Schedules, latency and register liveness for complex instructions

The CPU that I am targeting is VLIW with no hardware interlocking (the next instruction does not wait for the previous to complete). This leads to fairly complex scheduling, but can be generally accommodated well in LLVM.

However, I have a small number of useful instructions with quite complex scheduling interactions between latency, register liveness and which have more than one register as input and more than one as output.

LLVM assumes that input registers are read as an instruction commences and become dead at that time; while output registers are committed when the instruction latency is complete and they become live at that time.

But for some instructions this is not the case. I have one particular example of an instruction where one of the input registers is read and becomes dead as the instruction starts, but the other input register is read and becomes dead at the commencement of the following cycle. It also writes-back one of the output registers at the end of the 2nd cycle which is when that register becomes truly live, and the other output register is written-back 4 cycles later which is when it becomes live.

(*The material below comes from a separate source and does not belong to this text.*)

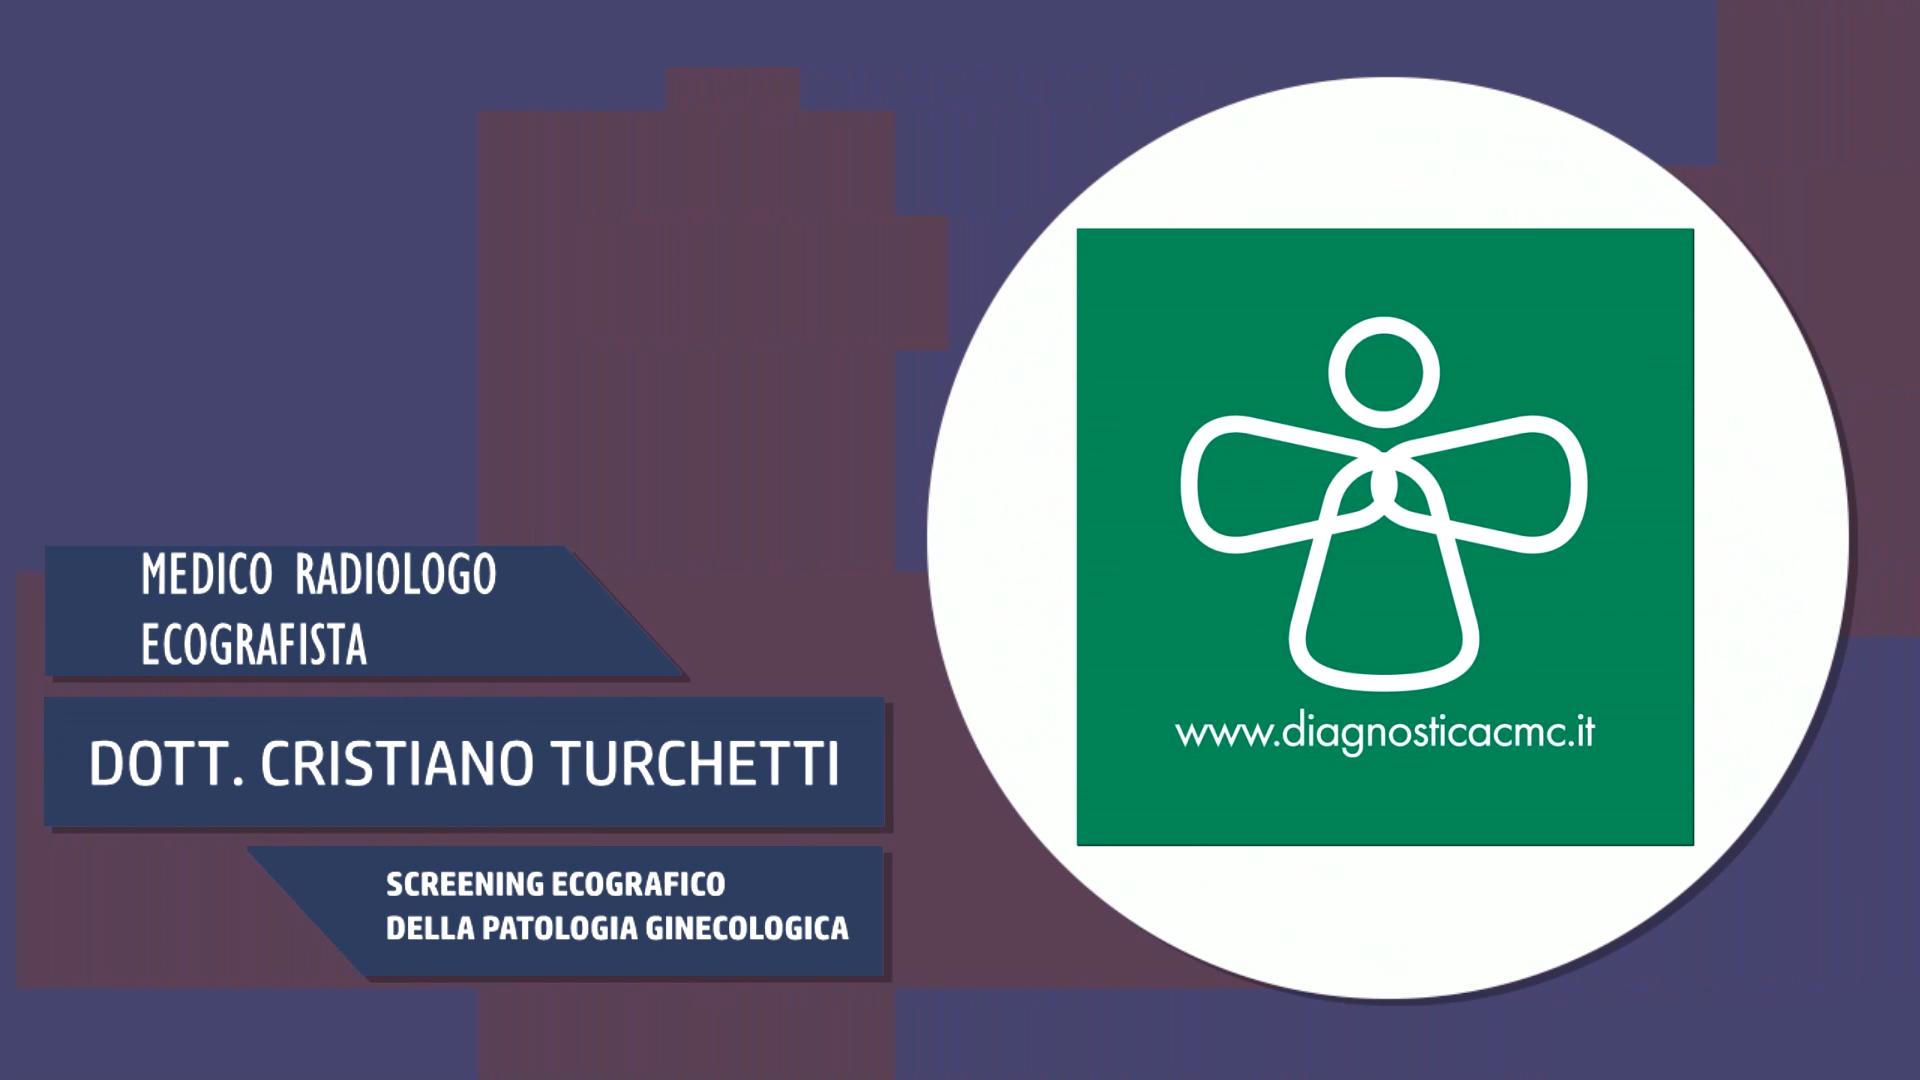 Intervista al Dott. Cristiano Turchetti – Screening ecografico della patologia ginecologica

The TableGen descriptions do not seem to have any means of binding a register-liveness schedule to specific operands.

So far I have omitted supporting these particular instructions as I can’t figure out how they can be modelled within LLVM. Does anybody know how I might approach describing these kind of semantics to LLVM so that I can safely schedule them?

Variations of this involve instructions designed for pipelined execution, and in pipelined mode then schedule for some operands is different than for single-issue execution.

Thanks,

MartinO

I remember in particular that Fujitsu FR has / had something like this, but they implemented the solution at the actual instruction level when dealing with assembly. Performing a division required running div0, then a series of about 20 div1, then a div2s or div2u or similar to complete the output. It was sort of what I imagine VLIW instructions do in microcode, but had to be written out. What about treating this similarly at the MachineInst level as a PseudoInst or Bundle type format or something to allow other instructions to be inserted where they can be efficiently pipelined without infringing on register use-liveness delay, but emitting it as a single instruction in the original position with the other insts not emitted? In any case it sounds like a difficult proposition

Maybe take a look at whatever is being done in the ARM backend about the LMDIA STMIA style instructions which have different timings depending on how many registers they load or store. In that case I don’t know if the loaded registers are all materialized at once after an appropriate delay according to processor timing or whether the additional cycles taken by versions with more operands make the registers live as they go along. I’m guessing they modeled it as all outputs of the load being live after the full instruction delay, because ARM’s documents are unclear on whether or not any become live before the “normal” delay of a single load and the timings are weird. That’s why I suggest it though, it’s the closest thing I can think of to what you’re talking about and has very weird timings depending on how many registers are loaded at once, or did on ARMv7 anyway.

This sounds like ReadAdvance (grep the codebase); we use this to model a few instructions that fetch instructions earlier than would otherwise be necessary (or later!).

—escha